Yes, the ordering by id is done using the index, and therefore is extremely fast. Our mysql is using a B-tree as an index. So our data looks like this :
So when we execute our query to get first 5 results, the tree allow the 5 elements to be found imdediateley.
So the fallowing query will go throught the fallowing leafs of the tree :
SELECT * FROM my_table ORDER BY id LIMIT 5
Now if we add our offset to the limit :
SELECT * FROM my_table ORDER BY id LIMIT 5 5
This index still helps but we still had to go throught all 10 indexed items. So we had to analyze 10 id's instead of analyzing just 5. This is understandable because mysql can't know it has to get row id 22 first? It needs to go throught all the previous rows to count how many rows there are before finding the sixth row.
This is fine if you have 2, 5, 10 or even a hundred of page with proper indexes because indexes are fast. But as fast as they are at some point they will not be fast enought.
Let's optimize
Optimizing this if you are sorting on id's is actually very simple. We are going to use the knowldge that the id's are incrementing.
So our first query is unchanged :
SELECT * FROM my_table ORDER BY id LIMIT 5
But in the second query we will do the fallowing :
SELECT * FROM my_table WHERE id > 21 ORDER BY id LIMIT 5
21 is the id of the last row we fetched with the first query. So by doing this we can use the index in an optimized fashion.
Here is a representation of the B-Tree with the elements that were "used".

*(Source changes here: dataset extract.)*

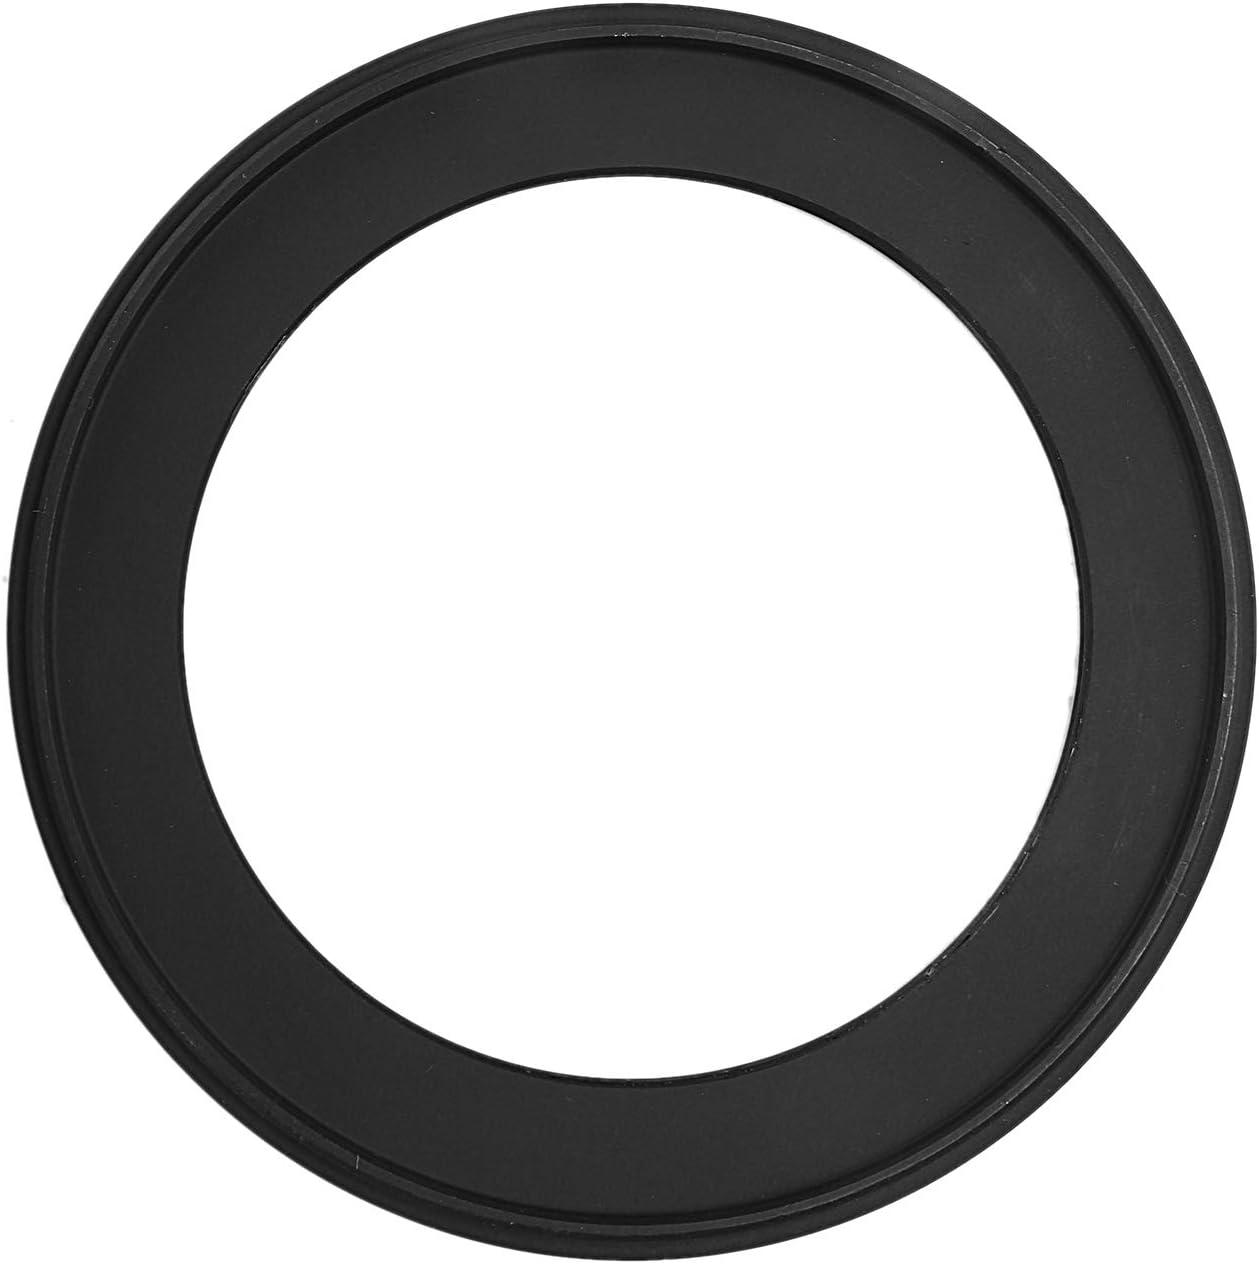 Moligh doll 77mm-58mm 77mm 58mm Black Step Down Ring for Camera

As you can see nearly none of the elements from the first page is being used in the B tree. The gain here is noticable in big databases.
Let's wrap it up
Basically when you are not using any sorting mysql uses another algorith to select the lines. That method is much faster but comes with the drawback of not being 100% reliable.
Mysql is not the only one having this issue, most databases and even search engines have this issue. For big databases it's therefore recomended to add condittions to optimize queries.
This is even more true if you are using distributed systems such as elasticsearch. When you don't give any conditions each node will return their own first X elements and the main result will need to be processed on a single node. Even if you put a limit of 5, if the offset is of 1000, it will need to go throught at least 1000 document if not more as each shread will return 1000 documents if possible. With a condition each shrad will return 5 documents in worse case scenario.
So next time you are working with pagination, think 2 times.
Note :
You might be wandering but I would like to sort by update date, how can I do that? There might very well be 2 entries updated at the same time.
Well it's not that complicated you will need to sort not just on date, but on date and id :
SELECT *
FROM my_table
WHERE (update_date = '2017-12-21' AND id > 21) OR update_date > '2017-12-21'
ORDER BY update_date,id LIMIT 5
The where here is slightly more complicated, if the update_date
is equal to the update date of the last row we read, then we wish to find rows whose id is superioir to the id of the last row we found. If not we simply get update dates superior to the last update date we found.